ImportError: /opt/conda/lib/python3.7/site-packages/MinkowskiEngine-0.4.3-py3.7-linux-x86_64.egg/MinkowskiEngineBackend.cpython-37m-x86_64-linux-gnu.so: undefined symbol: _ZN3c105ErrorC1ENS_14SourceLocationENSt7__cxx1112basic_stringIcSt11char_traitsIcESaIcEEE

which also has to do with GLIBCXX_USE_CXX11_ABI (Cannot build pybind11/libtorch code with cmake)

If you have any suggestion about rebuilding pytorch with -D_GLIBCXX_USE_CXX11_ABI=0, I would really appreciate it.
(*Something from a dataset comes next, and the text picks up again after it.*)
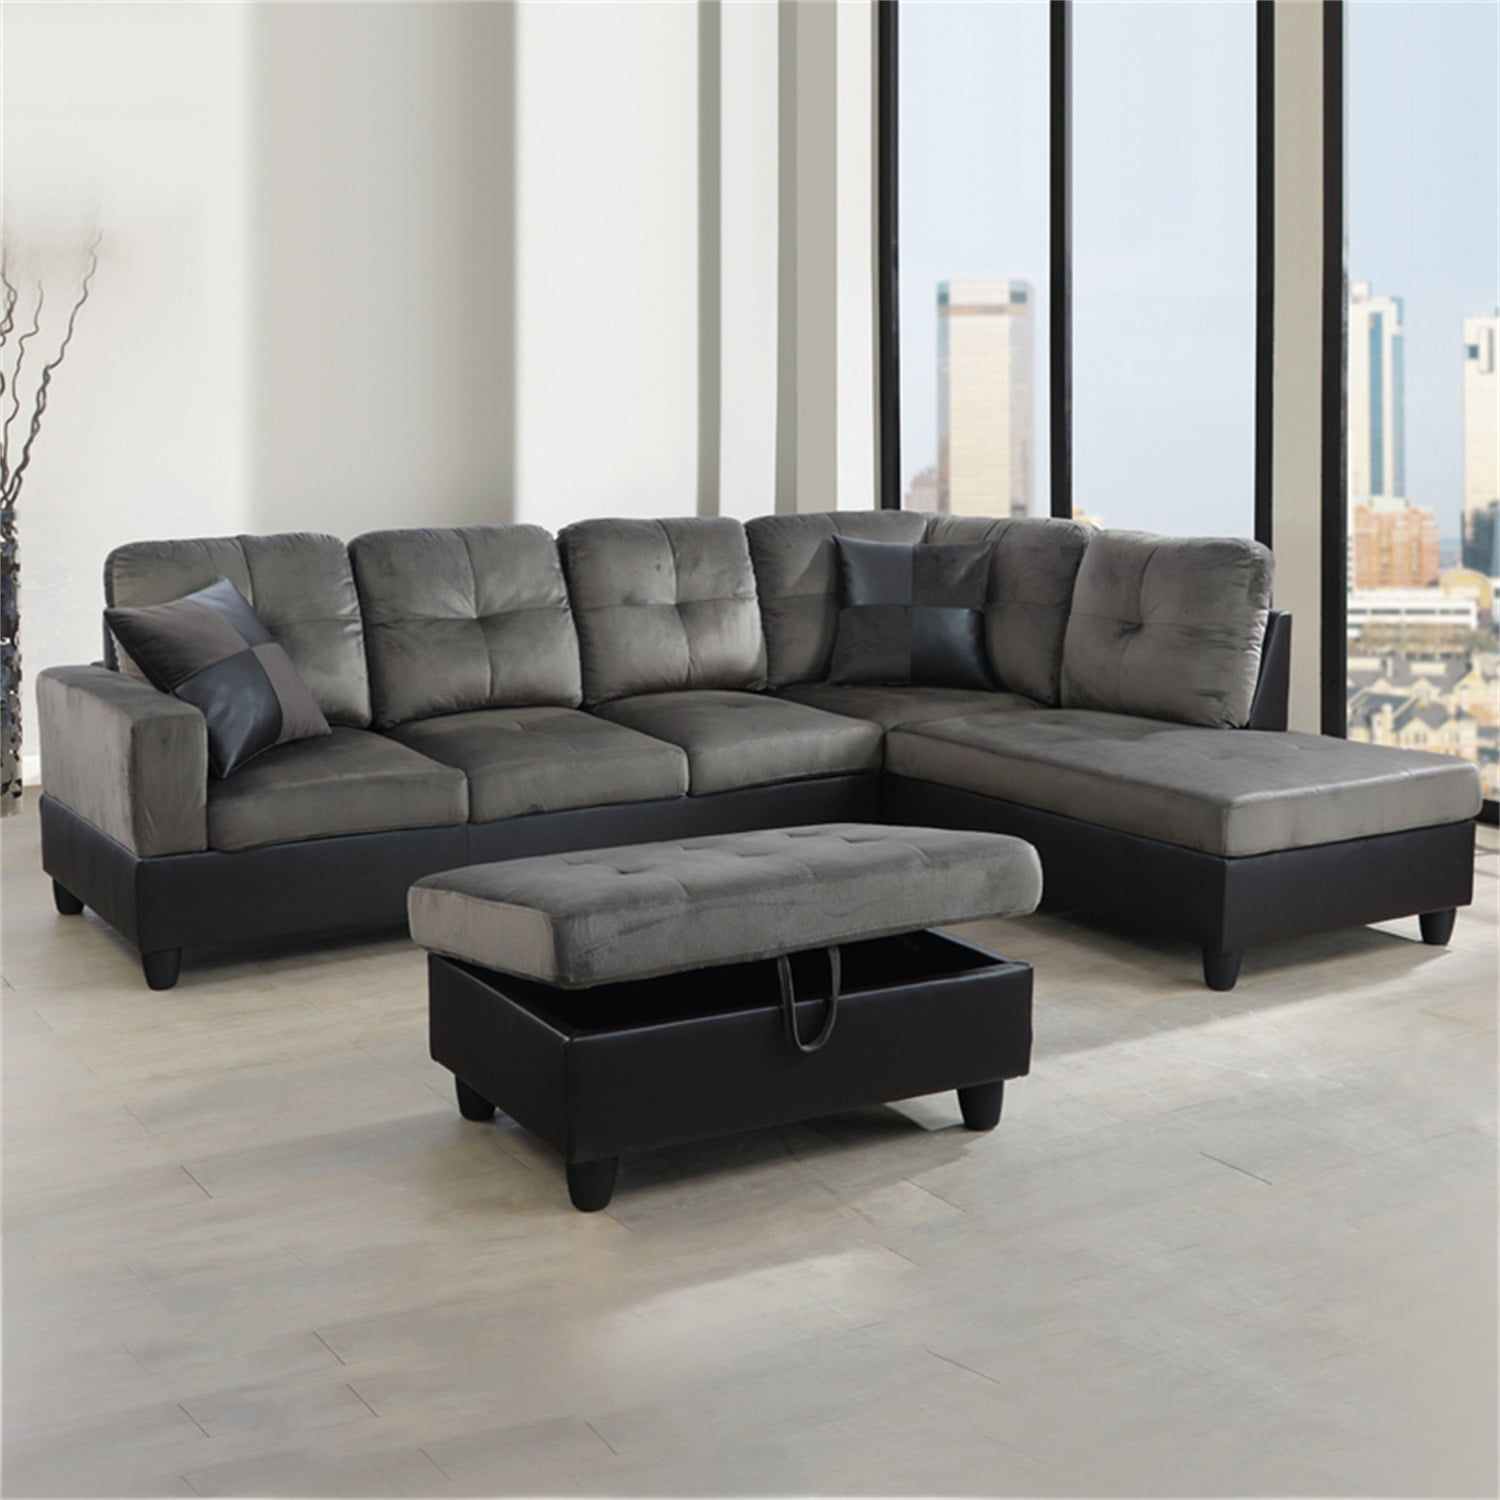 Hommoo Sectional Sofa, Free Combination Sectional Couch, Small L Shaped Sectional  Sofa, Modern Sofa Set For Living Room, Taupe(Without Ottoman) – Walmart With Regard To Free Combination Sectional Couches (View 2 of 15)

Here is my Singulairty definition file in case it is helpful: github.com/edraizen/SingularityTorch/blob/rivana_pytorch/Singularity

Thanks for your help!

yselivonchyk · February 18, 2021, 7:01pm

I am not sure what, but some of this worked:

export GLIBCXX_USE_CXX11_ABI=0
export CXXFLAGS="-D_GLIBCXX_USE_CXX11_ABI=0"
export TORCH_CXX_FLAGS="-D_GLIBCXX_USE_CXX11_ABI=0"
#export DEBUG=1
export USE_GLOO=0
export REL_WITH_DEB_INFO=1
export USE_DISTRIBUTED=0

resulting in python -c “import torch; print(‘PYTORCH USING CXX11_ABI =’, torch._C._GLIBCXX_USE_CXX11_ABI )” → false

jie.hang · September 26, 2021, 4:21am

@ yselivonchyk Eugene
I try to compile pytorch1.8.1 from source as same as you, but occurs undefined reference error:

/home/jhang/bi/hj/pytorch_ori_v1.8/build/lib/libtorch_cuda.so: undefined reference to `gloo::getCudaPCIBusID(int)'
/home/jhang/bi/hj/pytorch_ori_v1.8/build/lib/libtorch_cuda.so: undefined reference to `gloo::EnforceNotMet::EnforceNotMet(char const*, int, char const*, std::__cxx11::basic_string<char, std::char_traits<char>, std::allocator<char> > const&)'
collect2: error: ld returned 1 exit status

jie.hang · September 26, 2021, 4:23am

@ Eli_Draizen
I try to add flag in CMakeLists.txt, add_definitions(-D_GLIBCXX_USE_CXX11_ABI=0), and compile, torch._C._GLIBCXX_USE_CXX11_ABI=false.